• _WHAT THE TASK ASKS_
Print the data below exactly, but only the lines from the one containing "Secure your CAT7-Tourniquet" down to the one containing "Lympo logo in png format", inclusive.

Collected data entries
###
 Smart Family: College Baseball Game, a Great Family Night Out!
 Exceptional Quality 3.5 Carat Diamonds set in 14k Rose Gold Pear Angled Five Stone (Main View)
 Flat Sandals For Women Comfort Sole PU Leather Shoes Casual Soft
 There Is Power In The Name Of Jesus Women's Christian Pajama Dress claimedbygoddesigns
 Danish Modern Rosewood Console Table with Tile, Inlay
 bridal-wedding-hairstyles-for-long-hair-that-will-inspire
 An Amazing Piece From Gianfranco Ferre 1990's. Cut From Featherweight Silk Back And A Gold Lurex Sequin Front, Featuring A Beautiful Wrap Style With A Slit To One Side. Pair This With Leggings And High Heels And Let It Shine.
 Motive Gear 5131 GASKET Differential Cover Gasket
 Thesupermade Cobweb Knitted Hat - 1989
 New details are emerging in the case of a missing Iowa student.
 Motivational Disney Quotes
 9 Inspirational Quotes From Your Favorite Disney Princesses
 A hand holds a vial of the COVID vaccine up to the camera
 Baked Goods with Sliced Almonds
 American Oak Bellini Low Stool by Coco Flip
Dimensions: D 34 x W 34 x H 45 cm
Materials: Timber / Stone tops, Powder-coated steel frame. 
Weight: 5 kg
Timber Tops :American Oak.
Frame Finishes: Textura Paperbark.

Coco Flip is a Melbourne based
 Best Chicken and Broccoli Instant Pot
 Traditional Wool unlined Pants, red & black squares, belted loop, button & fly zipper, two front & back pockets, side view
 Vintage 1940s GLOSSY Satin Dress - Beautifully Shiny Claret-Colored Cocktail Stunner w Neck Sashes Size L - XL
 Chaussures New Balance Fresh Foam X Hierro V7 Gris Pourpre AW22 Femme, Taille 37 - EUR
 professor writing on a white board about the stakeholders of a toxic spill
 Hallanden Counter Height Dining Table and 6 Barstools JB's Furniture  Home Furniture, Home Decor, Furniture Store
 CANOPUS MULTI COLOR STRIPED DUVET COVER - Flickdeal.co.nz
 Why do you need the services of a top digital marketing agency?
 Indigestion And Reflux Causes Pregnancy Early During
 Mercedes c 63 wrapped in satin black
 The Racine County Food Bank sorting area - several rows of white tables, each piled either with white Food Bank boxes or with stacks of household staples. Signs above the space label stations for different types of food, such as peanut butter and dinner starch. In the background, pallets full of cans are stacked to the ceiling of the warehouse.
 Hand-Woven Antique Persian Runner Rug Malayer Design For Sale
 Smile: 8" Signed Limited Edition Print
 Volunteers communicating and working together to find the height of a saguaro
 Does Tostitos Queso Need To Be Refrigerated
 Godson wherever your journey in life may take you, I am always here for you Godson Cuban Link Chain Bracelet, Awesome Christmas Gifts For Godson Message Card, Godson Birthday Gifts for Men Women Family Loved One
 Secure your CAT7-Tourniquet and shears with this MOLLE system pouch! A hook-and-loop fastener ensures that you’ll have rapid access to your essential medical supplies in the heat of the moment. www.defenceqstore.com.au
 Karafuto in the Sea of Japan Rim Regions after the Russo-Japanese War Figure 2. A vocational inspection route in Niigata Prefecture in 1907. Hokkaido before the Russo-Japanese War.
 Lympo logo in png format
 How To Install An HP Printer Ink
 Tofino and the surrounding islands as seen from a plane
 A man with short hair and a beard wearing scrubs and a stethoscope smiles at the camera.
###
• _THE ANSWER_
 Secure your CAT7-Tourniquet and shears with this MOLLE system pouch! A hook-and-loop fastener ensures that you’ll have rapid access to your essential medical supplies in the heat of the moment. www.defenceqstore.com.au
 Karafuto in the Sea of Japan Rim Regions after the Russo-Japanese War Figure 2. A vocational inspection route in Niigata Prefecture in 1907. Hokkaido before the Russo-Japanese War.
 Lympo logo in png format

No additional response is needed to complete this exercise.